▼

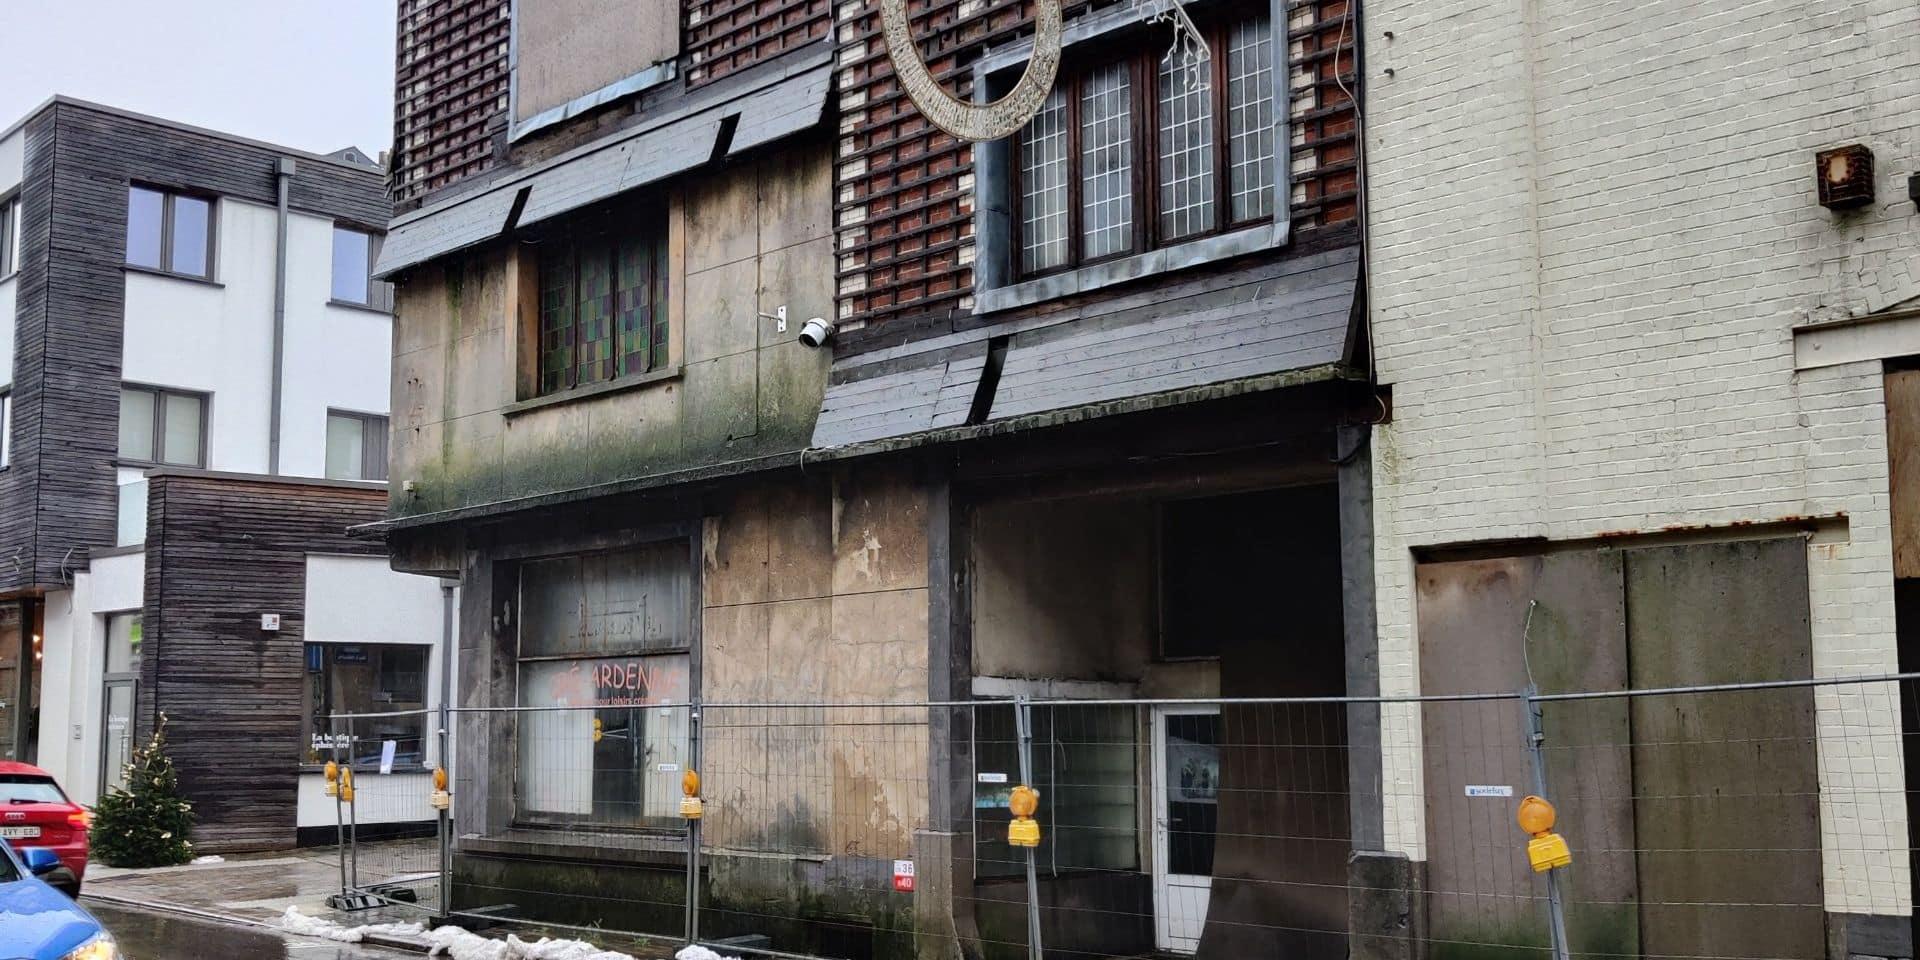 Neufchâteau : quid de l'immeuble Ianuzzi/Laroche à Neufchâteau ?
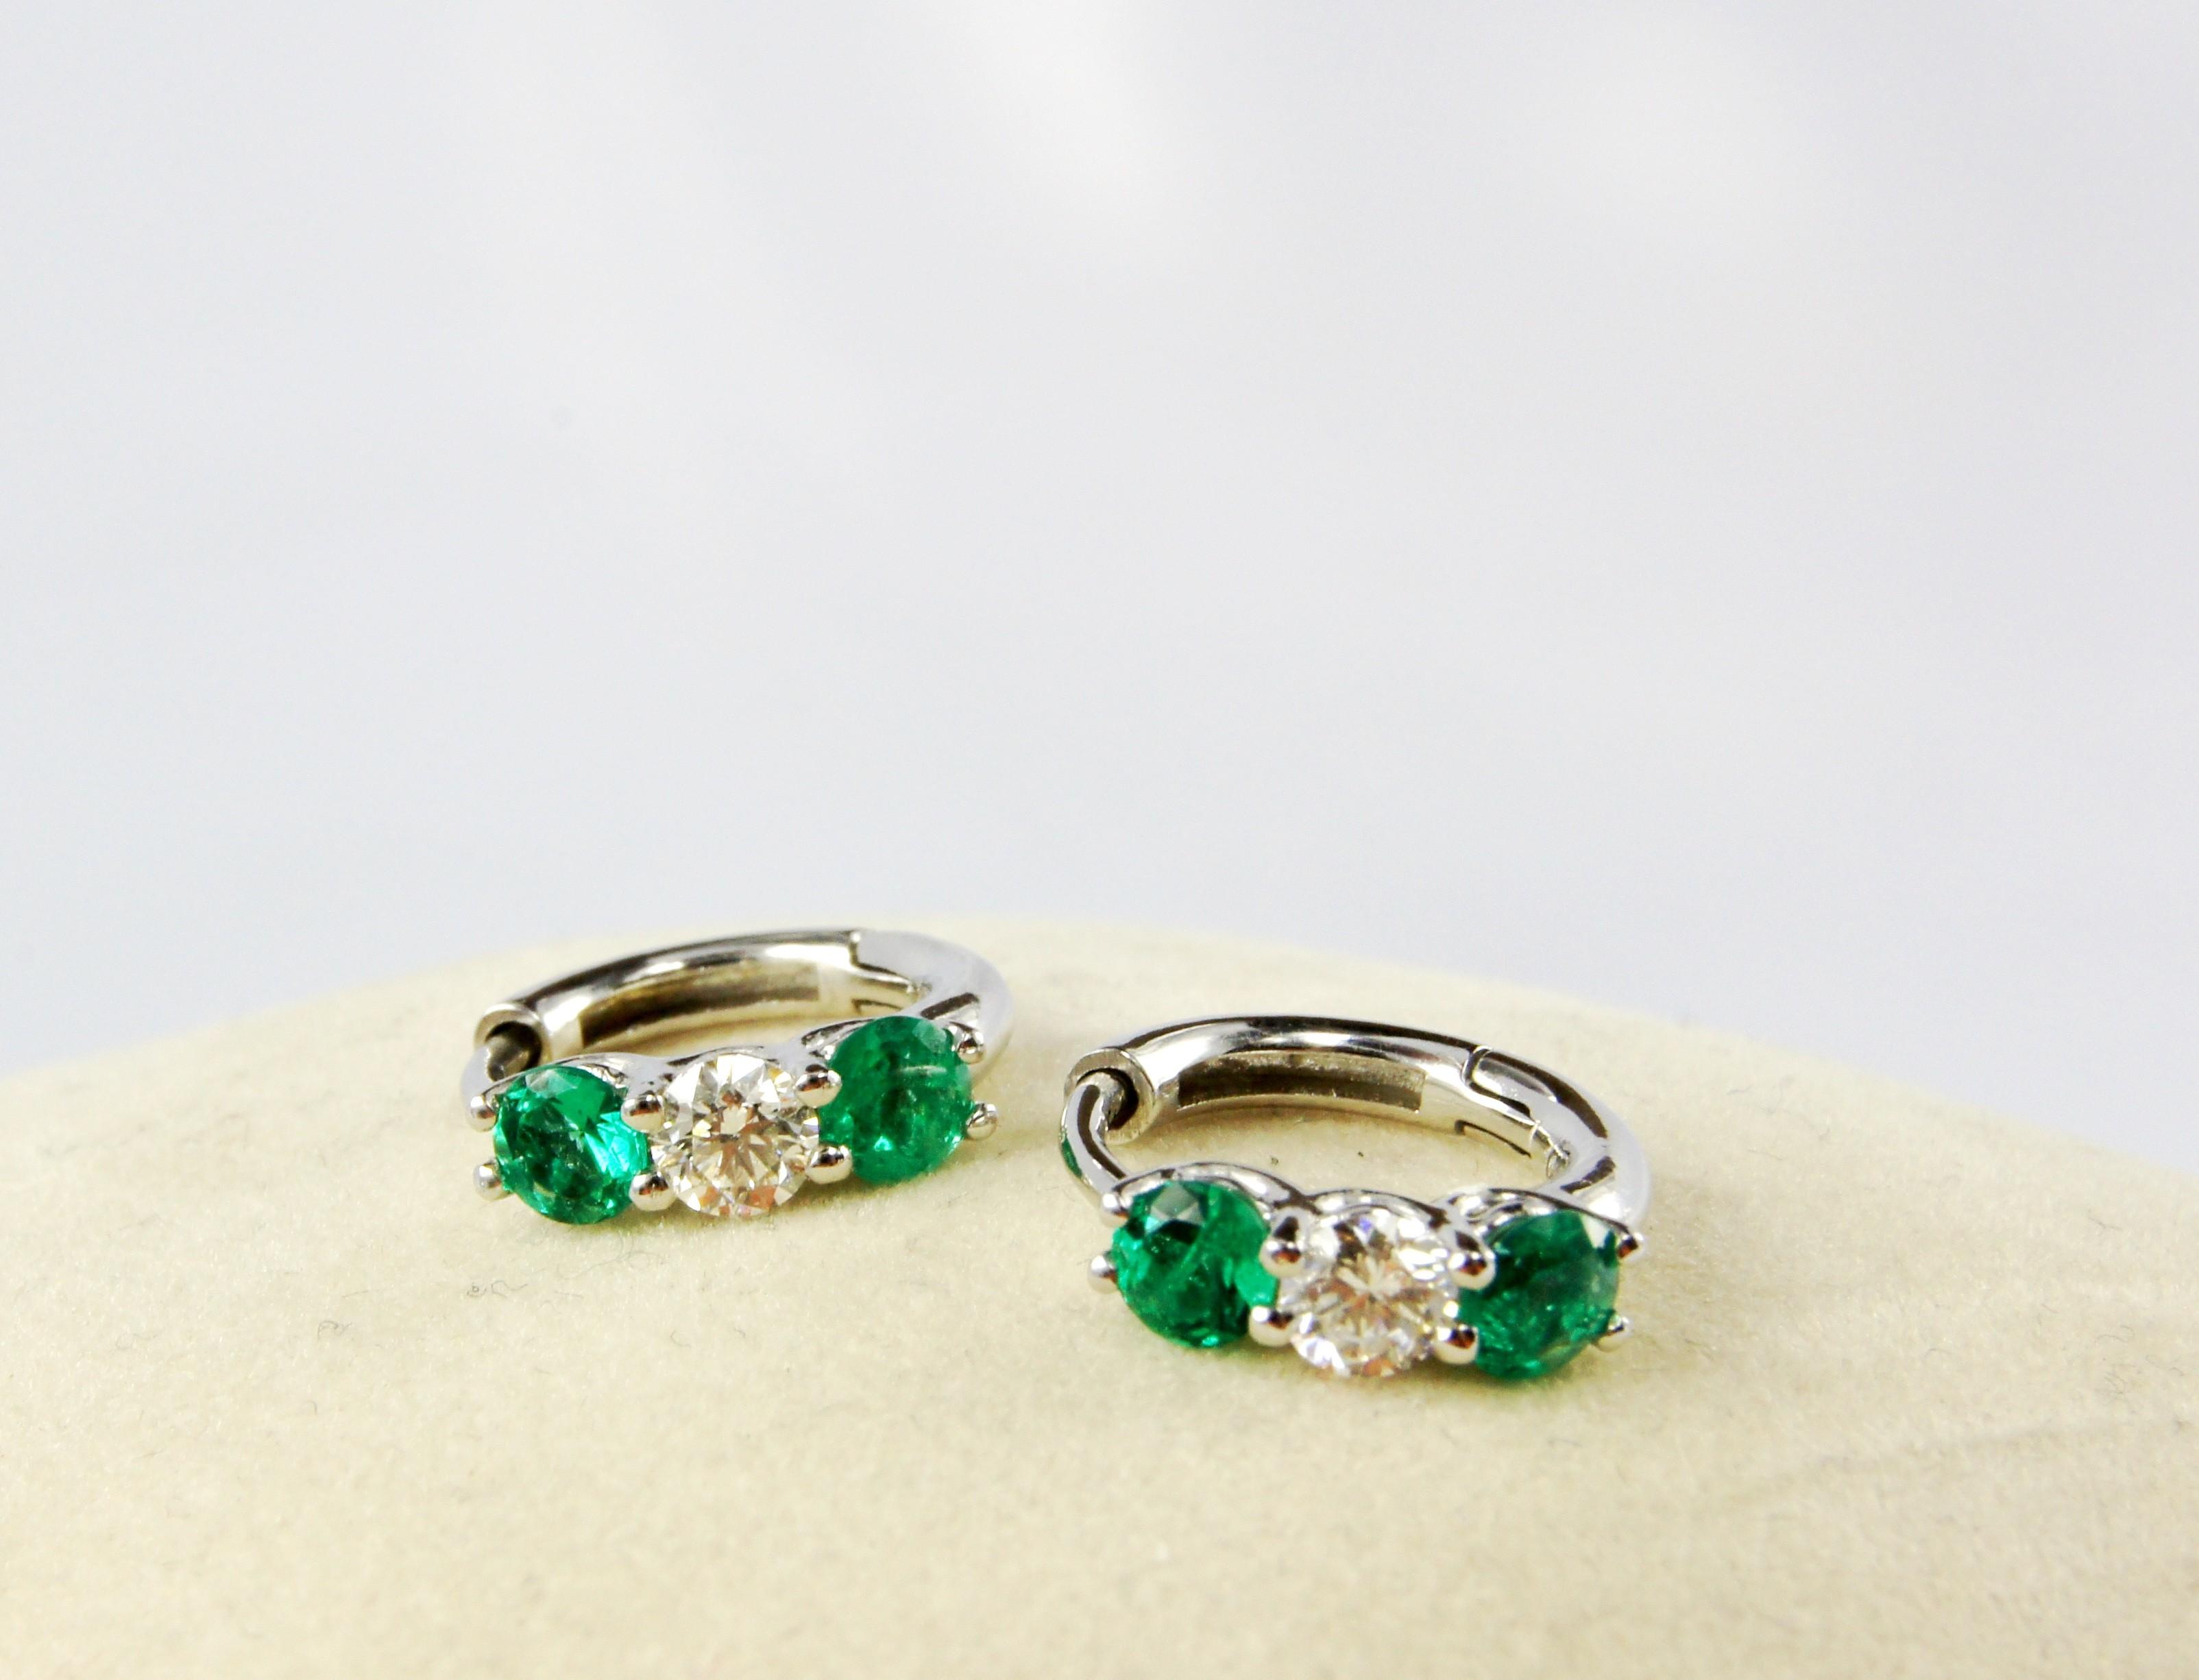 18K White Gold Diamond and Genuine Emerald loop earrings
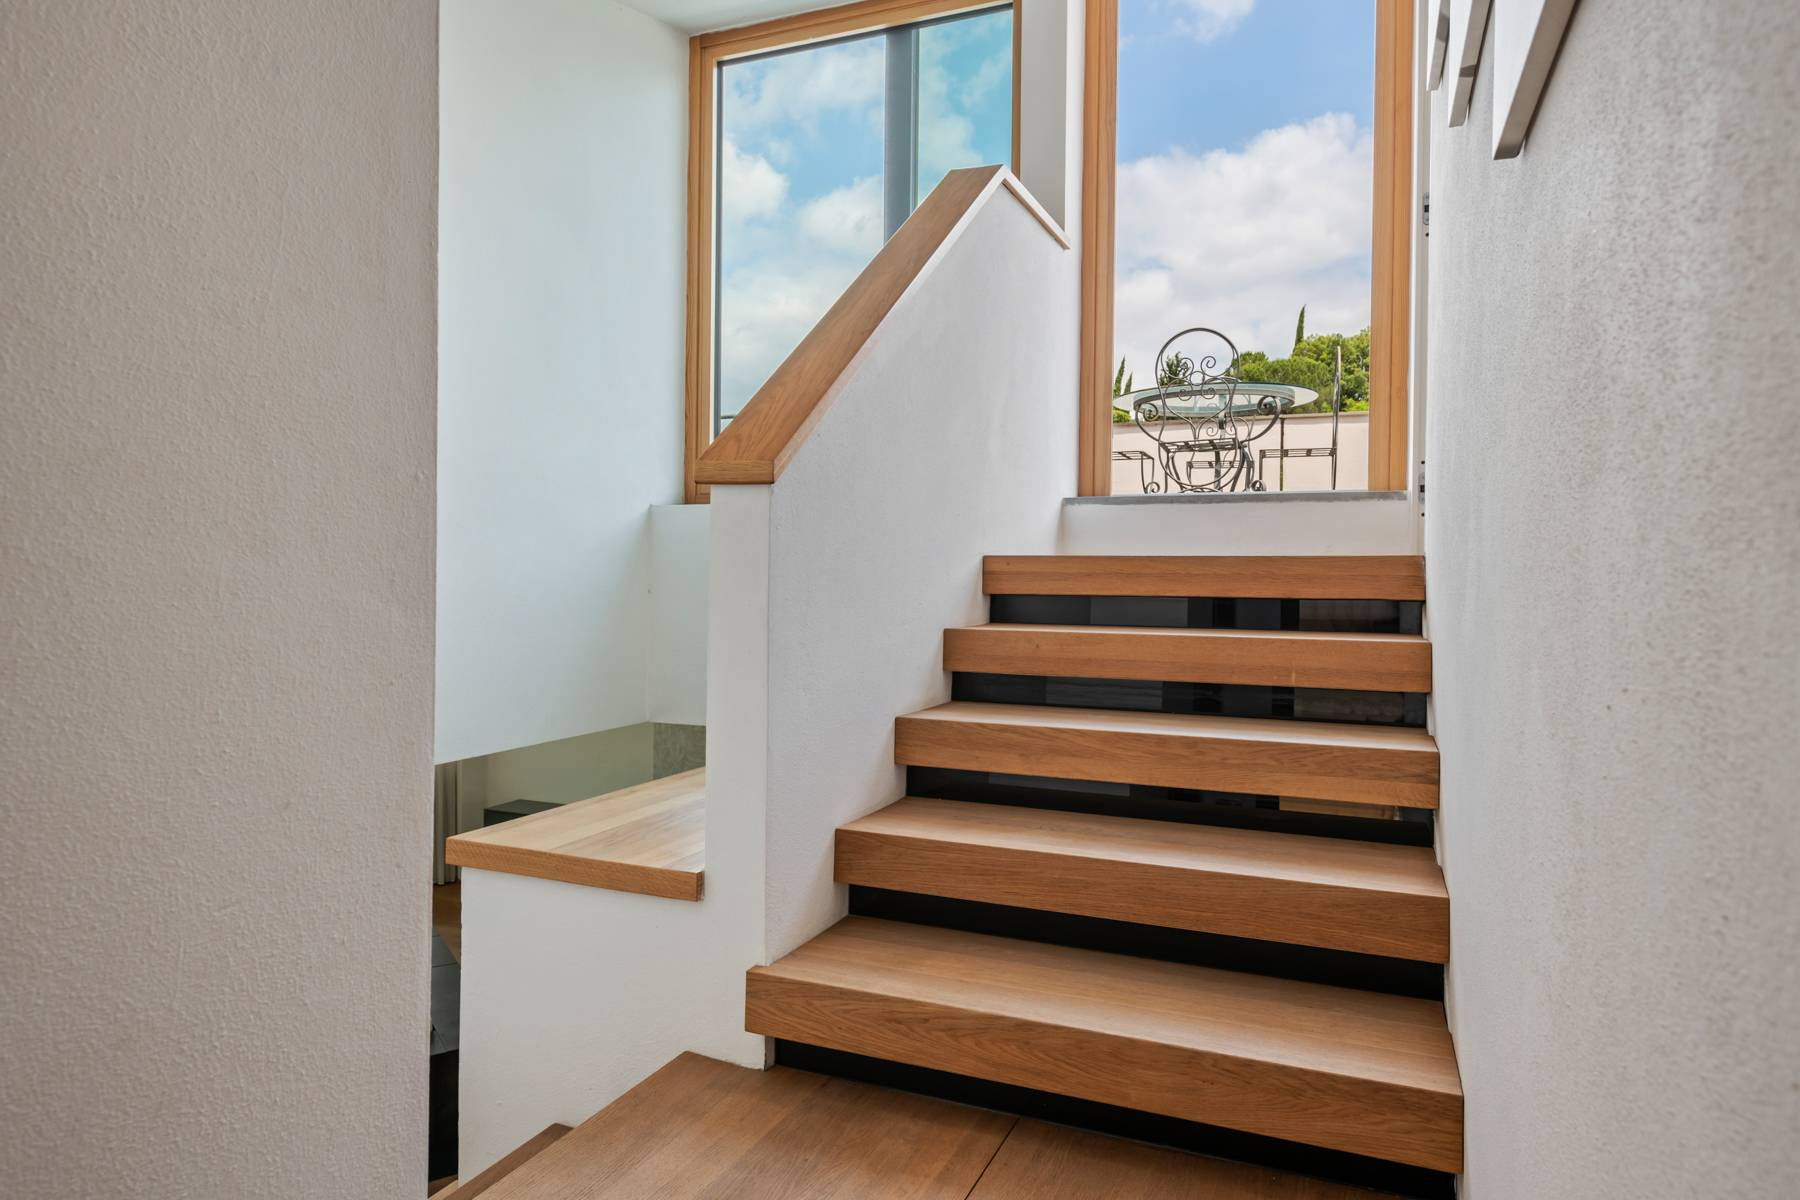 Appartamento in Vendita a Pontassieve: 5 locali, 300 mq - Foto 12

▲

> **Work request**: Your copy should match the listing exactly, apart from the pictures it leaves out.

> **Answer space**:
 Neufchâteau : quid de l'immeuble Ianuzzi/Laroche à Neufchâteau ?
 18K White Gold Diamond and Genuine Emerald loop earrings
 Appartamento in Vendita a Pontassieve: 5 locali, 300 mq - Foto 12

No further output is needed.